Where the lines below hold images, skip those and copy every word exactly.

▶ **GIVEN MATERIAL**:
------------------------------------

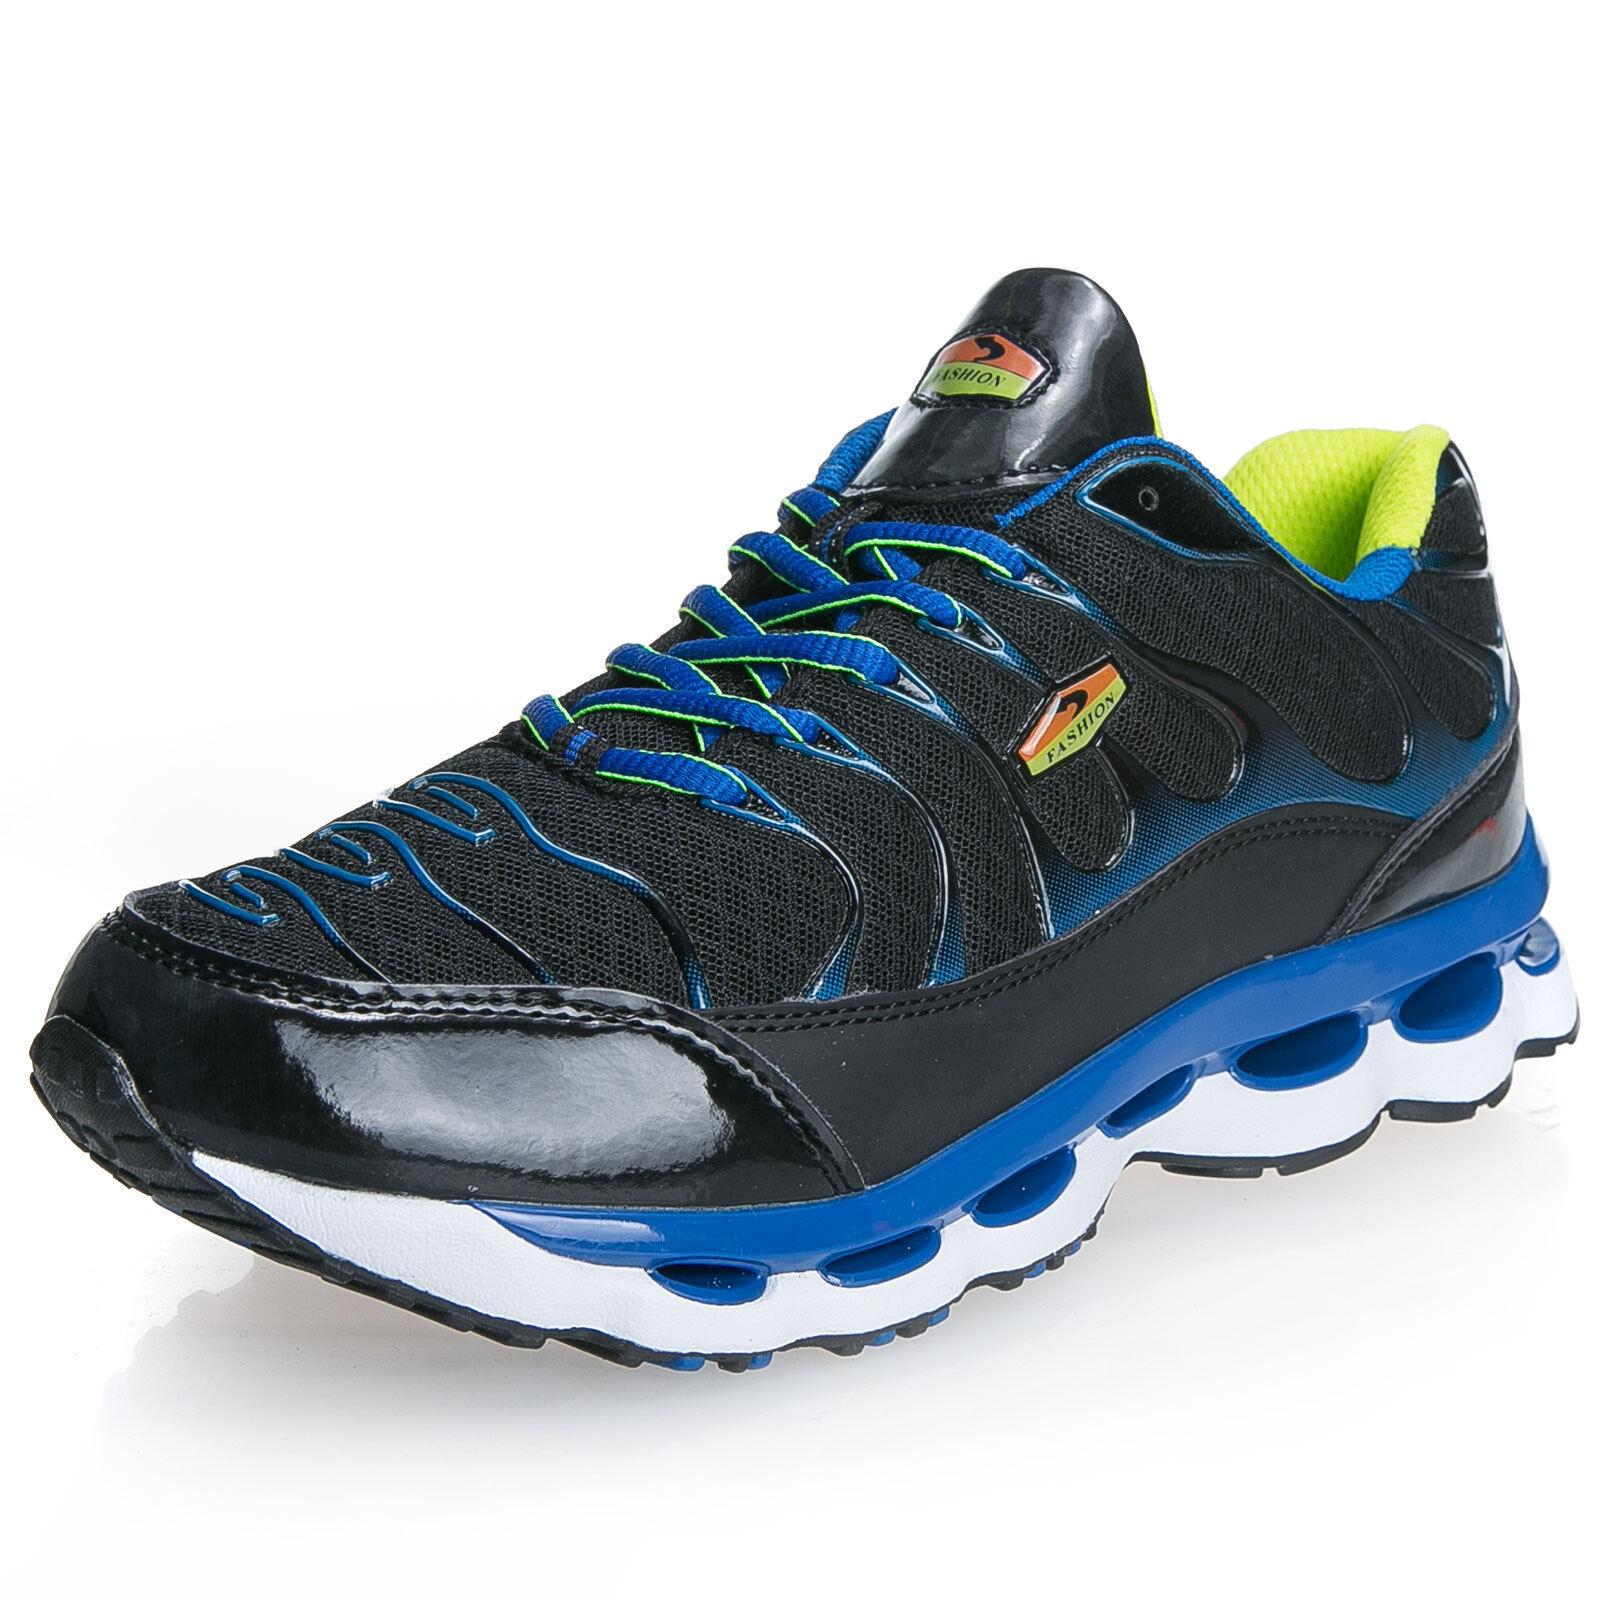 scarpe da ginnastica uomo running fitness sport sportive palestra corsa 9127
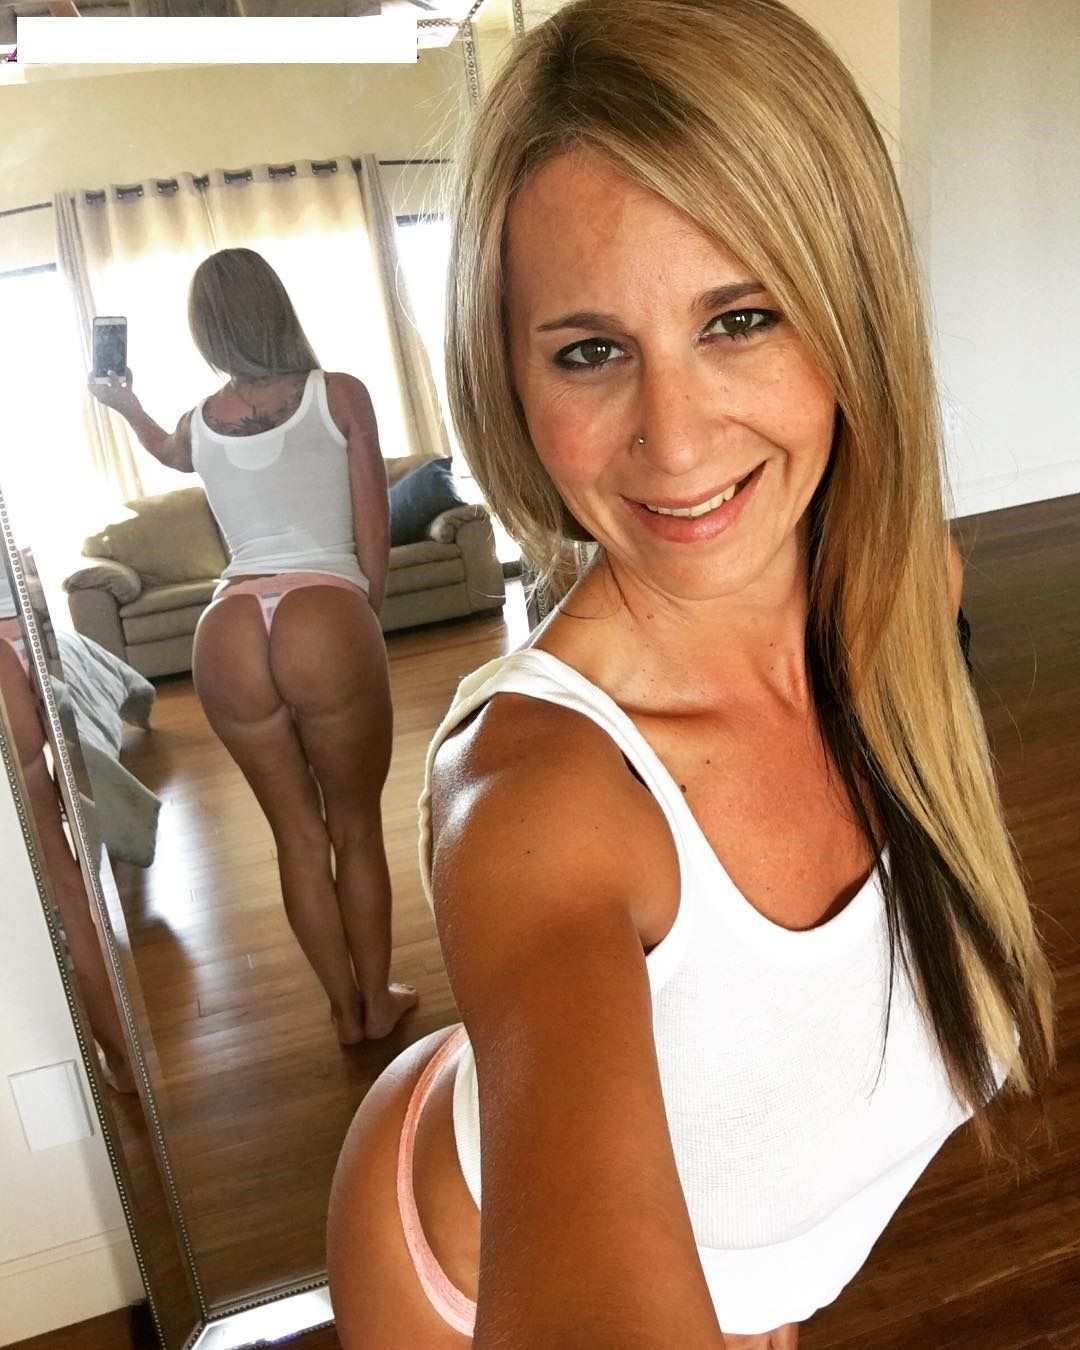 Victoria paris anal porn
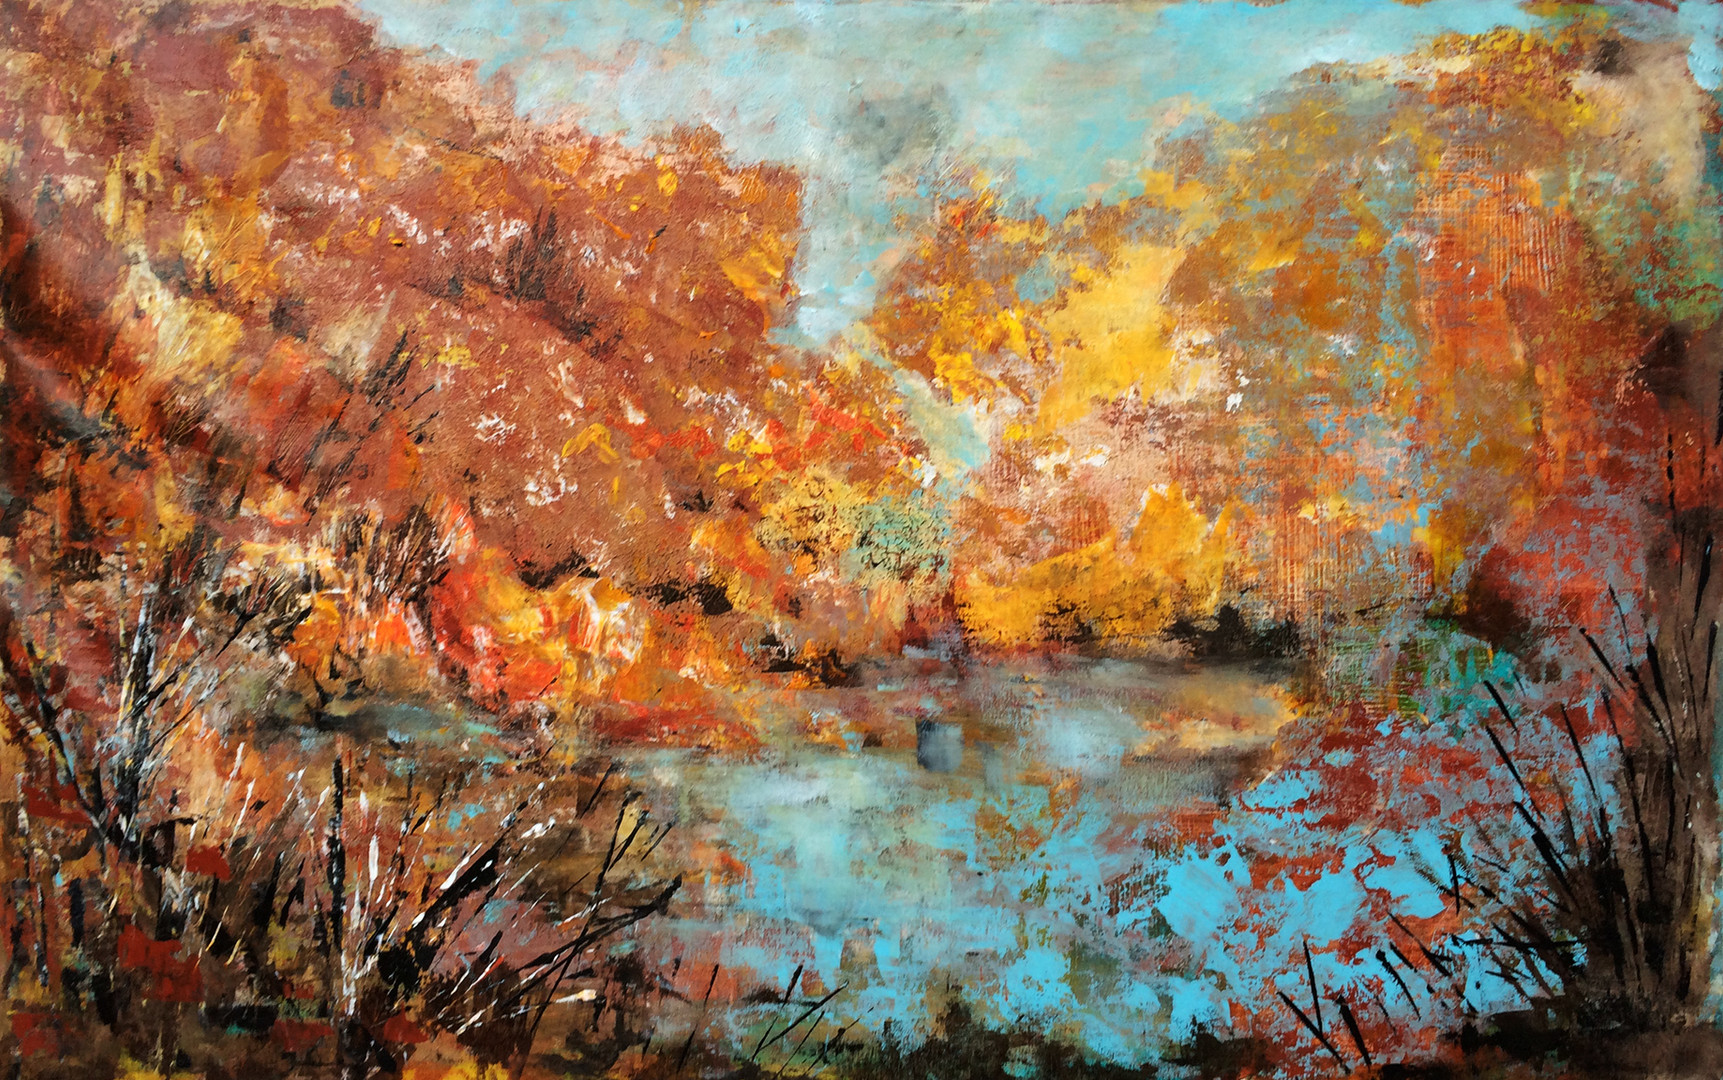 "Autumn,acrylic on canvas, 30x46"", SOLD"

------------------------------------

▶ **COMPLETED EXERCISE**:
 scarpe da ginnastica uomo running fitness sport sportive palestra corsa 9127
 Victoria paris anal porn
 "Autumn,acrylic on canvas, 30x46"", SOLD"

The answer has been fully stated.